The team defines Multilevel Methods’ characteristics as performing no approximation for near interactions and applying progressively lower-precision approximations for progressively longer distance interactions. This leads them to hypothesize that the inductive biases embodied by the hierarchical structure of the attention matrix can be used to capture the hierarchical structure in the sequences of NLP tasks. They identify three steps to outline their hierarchical attention mechanism: 1) the attention matrix blocks for nearby, mid-distance and long-distance attention are separated, which is the first step toward distance-dependent attention; 2) a token hierarchy is established; 3) the hierarchical attention is constructed.
In general, the proposed hierarchical matrix structure establishes a hierarchical approach to the matrix-matrix multiplication and the matrix-vector multiplication.
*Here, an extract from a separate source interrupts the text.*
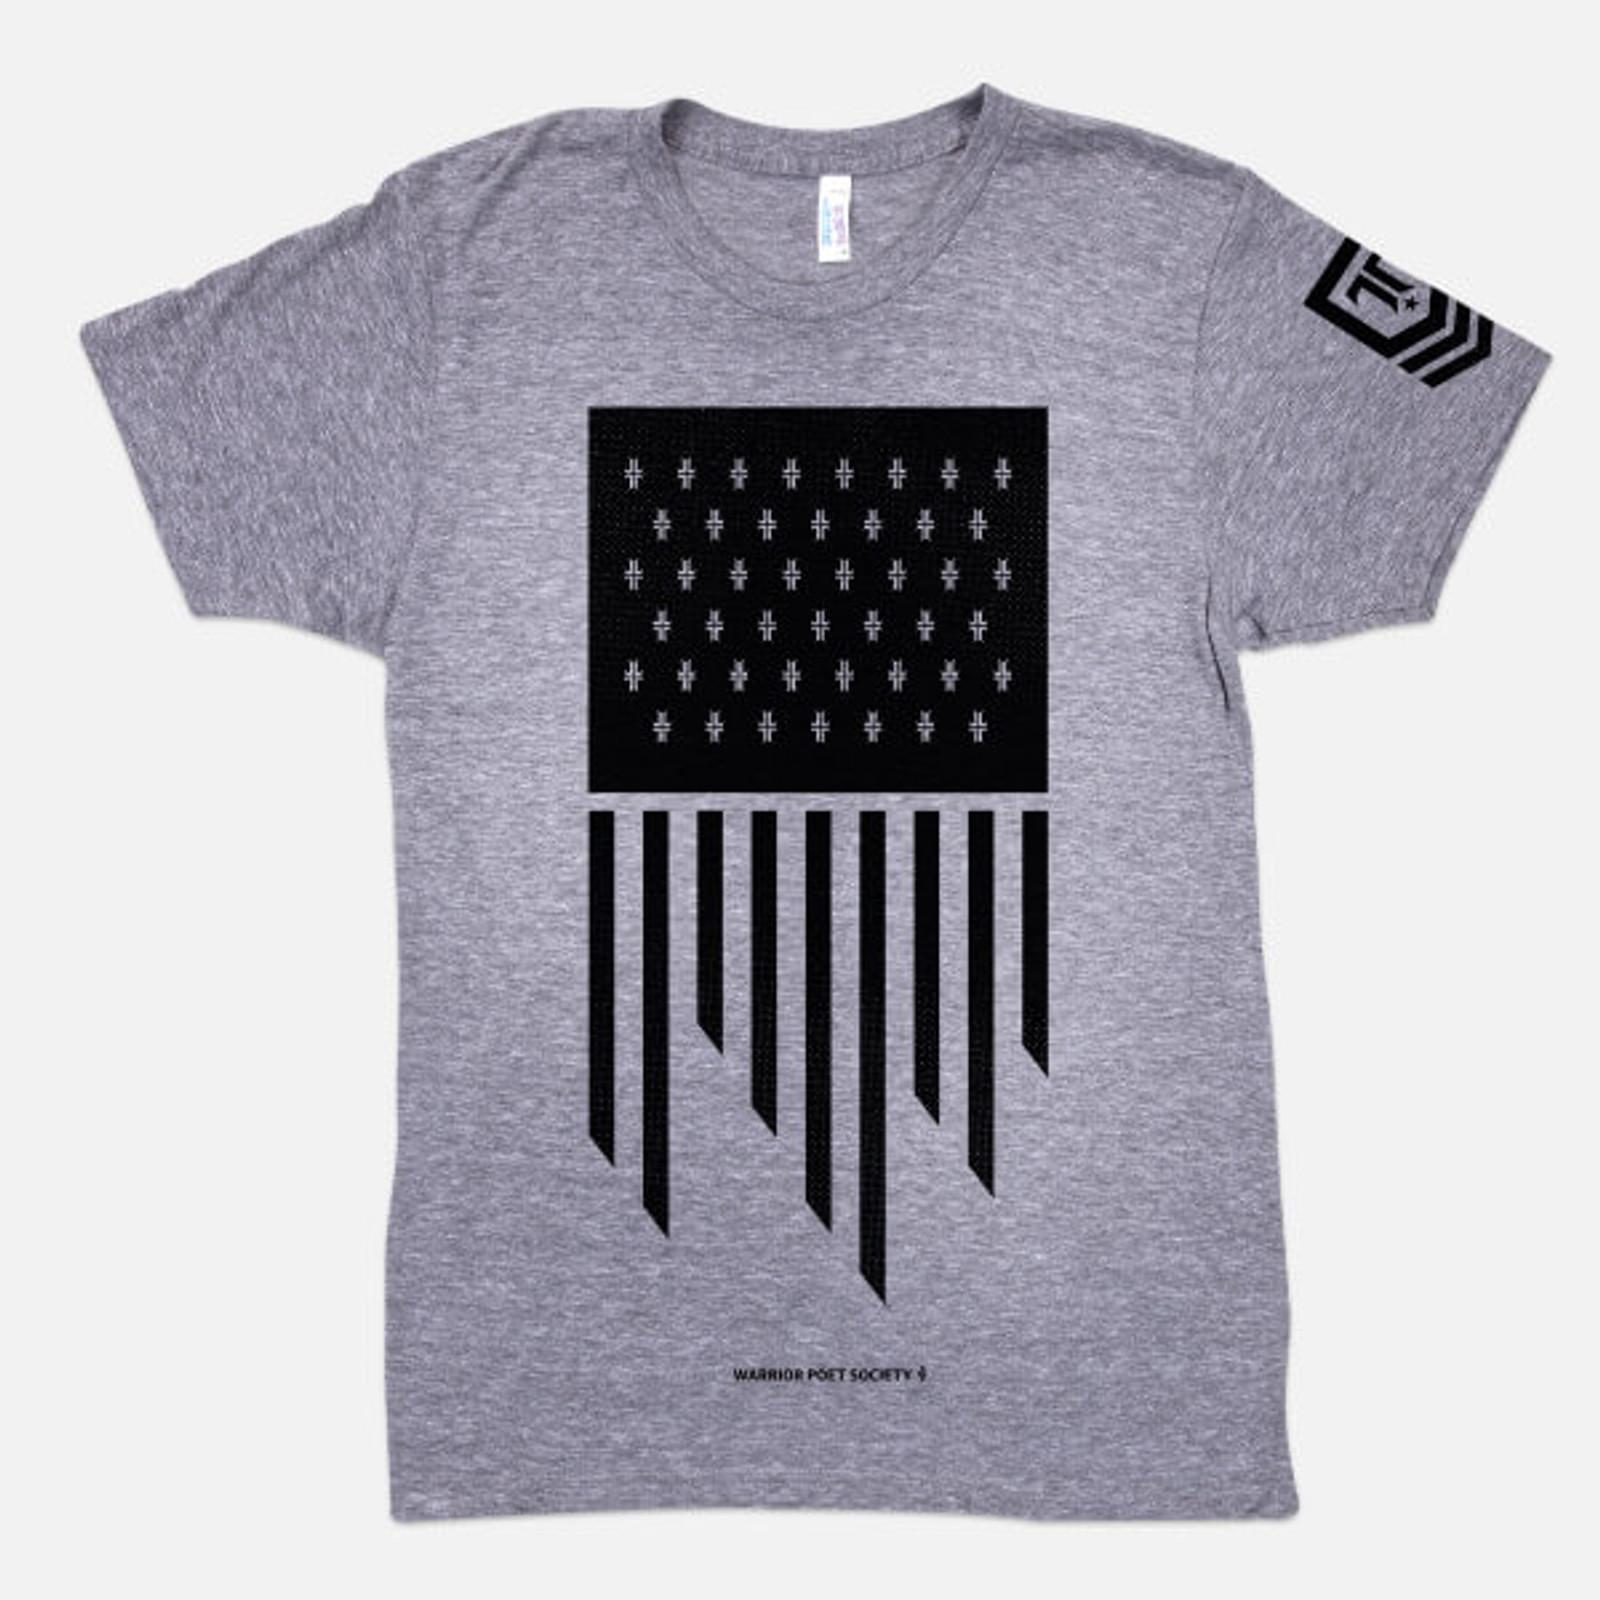 Flag T-Shirt - Grey / Black

The team also shows that the overall run time and memory complexity of the hierarchical attention algorithm is O(dL), and that it only utilizes dense linear algebra operations optimized for GPUs or TPUs.
The team conducted extensive experiments to evaluate the effectiveness of the inductive biases embodied by the proposed hierarchical attention approach for capturing hierarchical structures in sequences, using the Long Range Arena (LRA) and One-Billion Word benchmarks.
The proposed hierarchical attention mechanism achieved the best performance on the LRA benchmark, bettering the previous-best Big Bird algorithm by more than six points; and established a new SOTA on the One-Billion Word benchmark, reducing test perplexity by 1.55 points compared to the previous-best Transformer-XL.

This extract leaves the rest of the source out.